Access to all articles, new health classes, discounts in our store, and more!
Further Comments on Vitamin A
Published in Vitamin News, Vol. 3, No. 2, February 15, 1935.
* * *
The A. M. A. Journal of December 29, 1934 carried an article by Drs. Shibley and Spies, calling attention to their work in which it was found that Vitamin A failed to produce the expected results as a protective agent against colds, in particular, and was not as valuable a prophylactic against other infections as it had been considered by other investigators.
This report needs analysis before acceptance. The specific action of Vitamin A that relates to infections is its ability to insure an epithelial integrity that will prevent the mechanical entrance of germs. Colds and influenza are believed to be caused by a filterable virus so the ability of Vitamin A to protect against the entrance of these infective agents may be of little or no value in those particular infectious diseases.
Vitamin A deficiency in test animals, however, is particularly effective in reducing the resistance to pus germs–with resulting infections of sinuses, tonsils, mastoid, etc. Here we have visible microorganisms to deal with, and not a filterable virus that can penetrate openings too small to admit germs that can be seen in the microscope.
The resistance of the organism to a filterable virus is not dependent at all upon the first line of defense–the epithelium–nor is it dependent upon the second line of defense–the phagocytes, but upon the third line of defense–the rapid development of immunity. As Sajous has stated, we depend upon vitamin intake for the defensive agents that are needed to produce specific immunity, and it is the experience of every physician who has used our product, “Catalyn”, that it ordinarily causes immunity to be developed at a far more rapid rate than normally is possible. Vitamins B and C are chiefly instrumental in this effect. Sajous even went so far as to state that in his opinion Vitamin C and Erlich’s complement were identical. It is, therefore, evident that immunity may be impossible without Vitamin C, and without “C”, the third line of defense is non-existent.
As it has been demonstrated that the number (and probably the activity as well) of the phagocytes is limited by vitamin deficiency, we begin to realize the all-important part vitamins play in protecting us from microbic attack. The integrity of each of the three lines of defense is dependent upon an adequate vitamin supply.

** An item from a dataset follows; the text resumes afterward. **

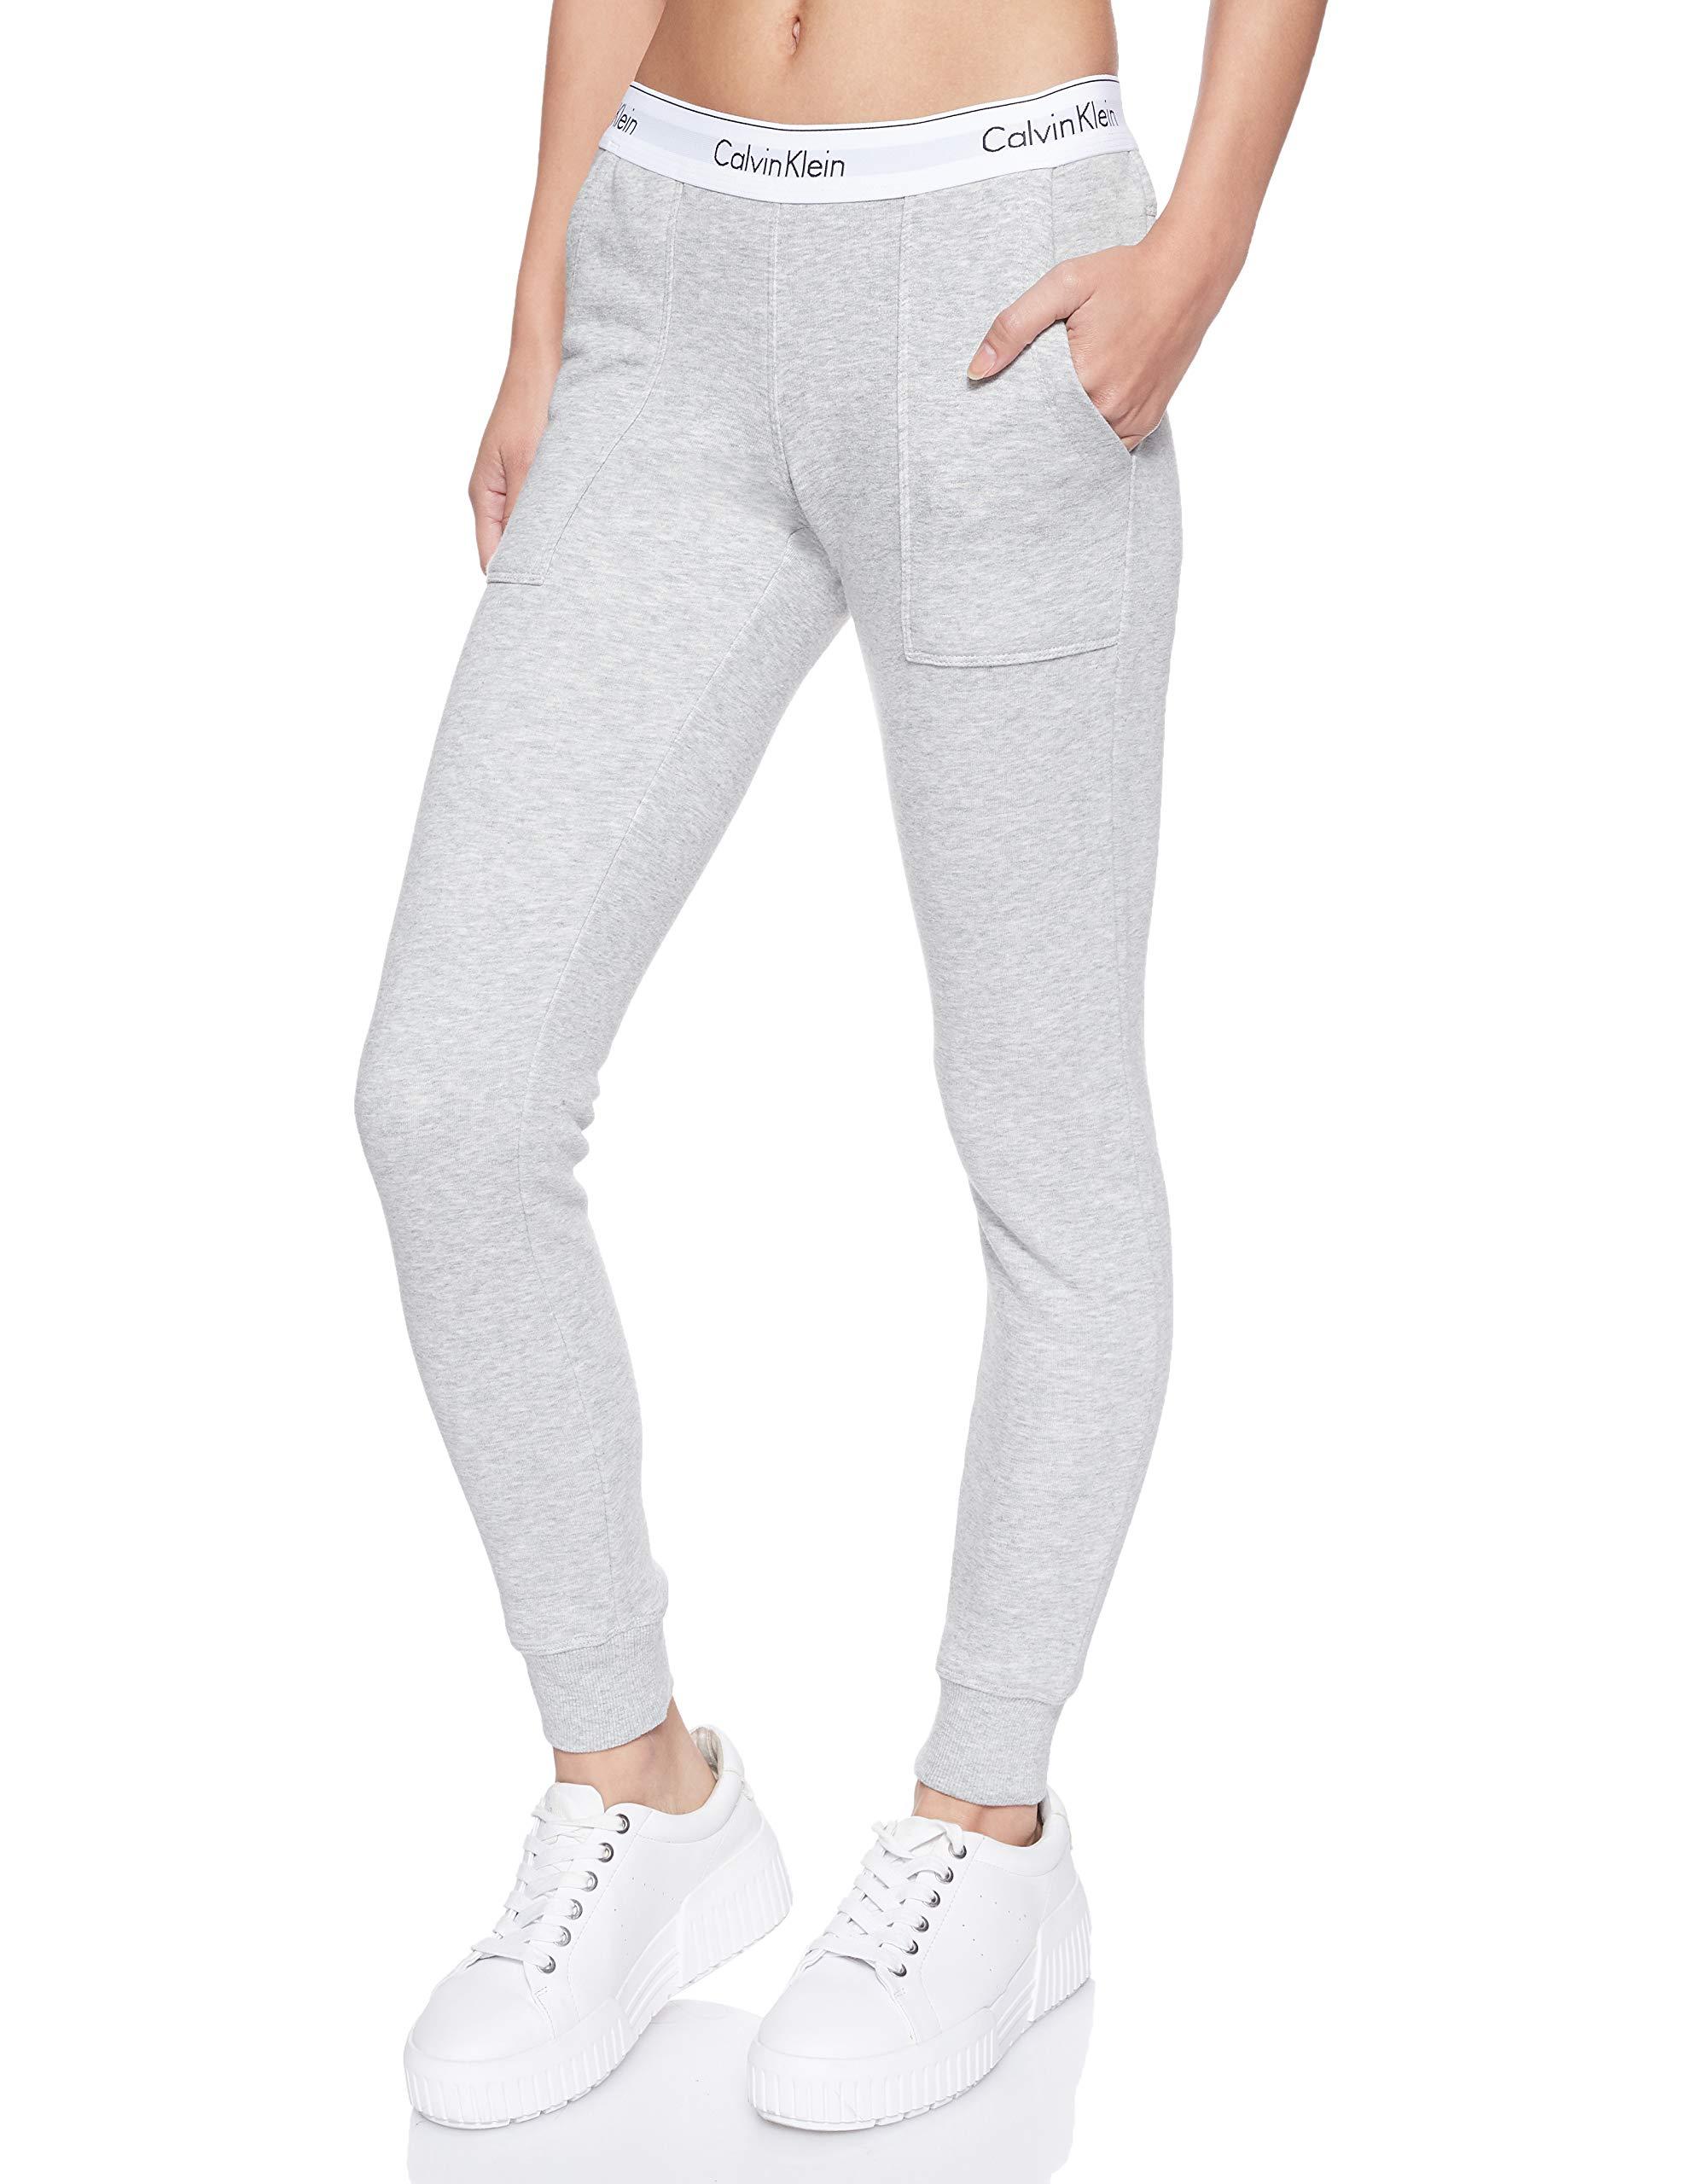 Calvin Klein Women's Bottom Pant Jogger Jeans

We consider the findings of Drs. Shibley and Spies also illustrative of the fallacy of using vitamin concentrates standardized by animal tests in clinical research. The real and only way to test a vitamin that is supposed to prevent colds is to use it to treat colds in human subjects. According to their method of testing, the products used by Drs. Shibley and Spies did not contain therapeutically useful amounts of Vitamin A. That would be our conclusion, rather than that Vitamin A was not of benefit for the diseases under consideration, for there is too overwhelming a volume of evidence supporting the affirmative side of that question.
We are also inclined to accept this explanation for the failure of these investigators to find their Vitamin A concentrates of benefit, because of the consistent failure of the product to protect against respiratory infections in children, or in reducing the incidence of otitis media and scarlet fever.

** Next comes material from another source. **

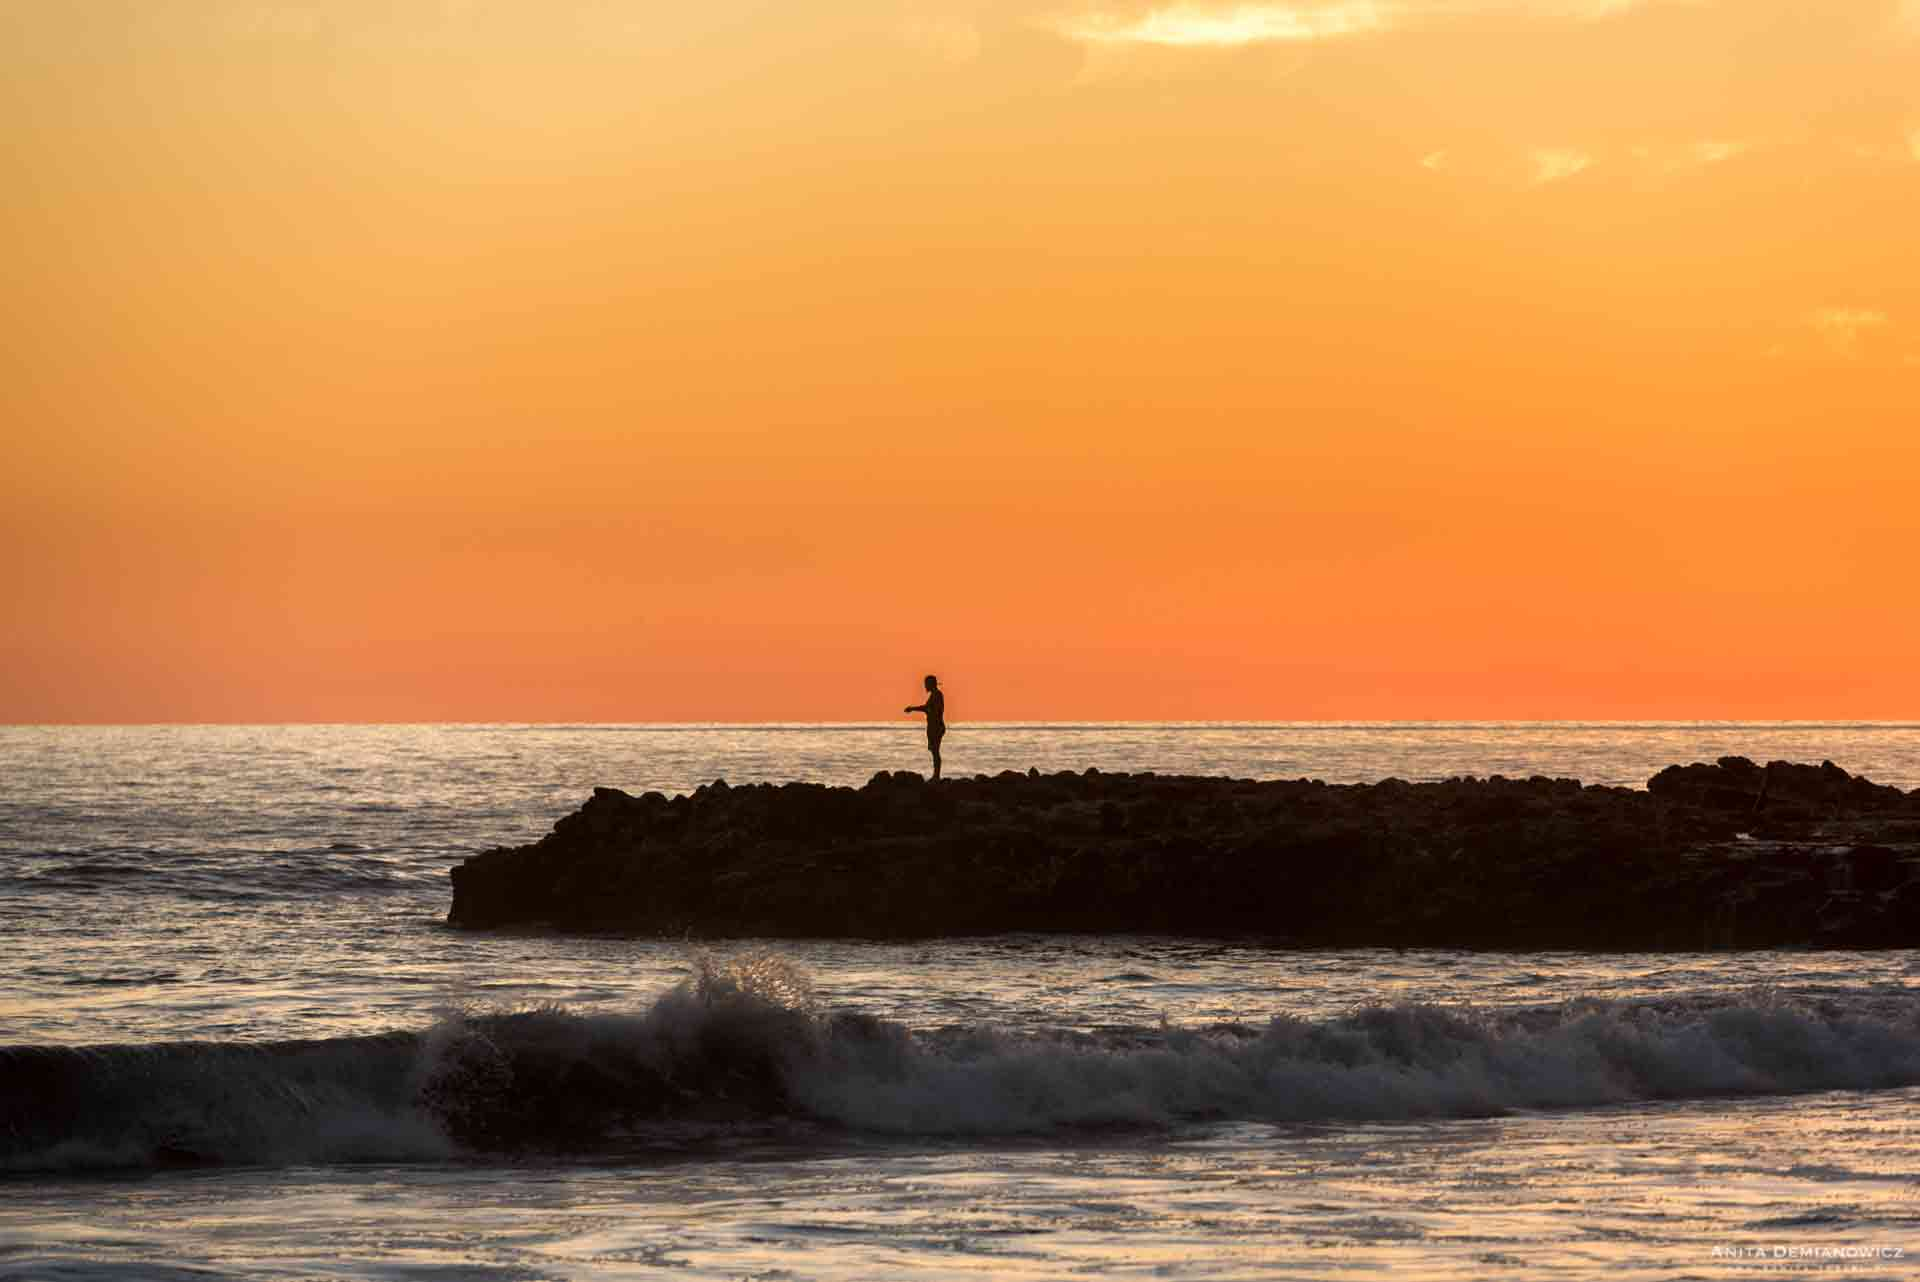 I Traveled Around The World To Take Photos Of The Most Beautiful Sunsets And Sunrises

It is more than probable that a widespread reduction in the supply of Vitamin A such as occurred during the World War (mainly because of butter substitutes) was the basic reason for the influenza epidemic that spread over the entire civilized world. The paucity of other high vitamin foods and the attendant low intake of all vitamins, no doubt, was an aggravating factor. Infective agents are known as a general rule to increase in virulence in proportion to the lack of opposition by the normal defensive factors of the subjects affected. A person with low resistance may develop a severe attack of influenza, for instance, and thereby infect another subject who normally would resist the disease and fail to contract it from a person suffering from a less virulent form. That is how epidemics get under way.
The severity of the cold and influenza epidemics noticed in some of our large cities recently has caused some observers to suggest that possibly the general irradiation of milk may be responsible, because of the attendant destruction of Vitamin A. There is no doubt but that the practice of irradiating foods indiscriminately has become more or less a commercial racket, and further investigation of the real facts is imperatively necessary.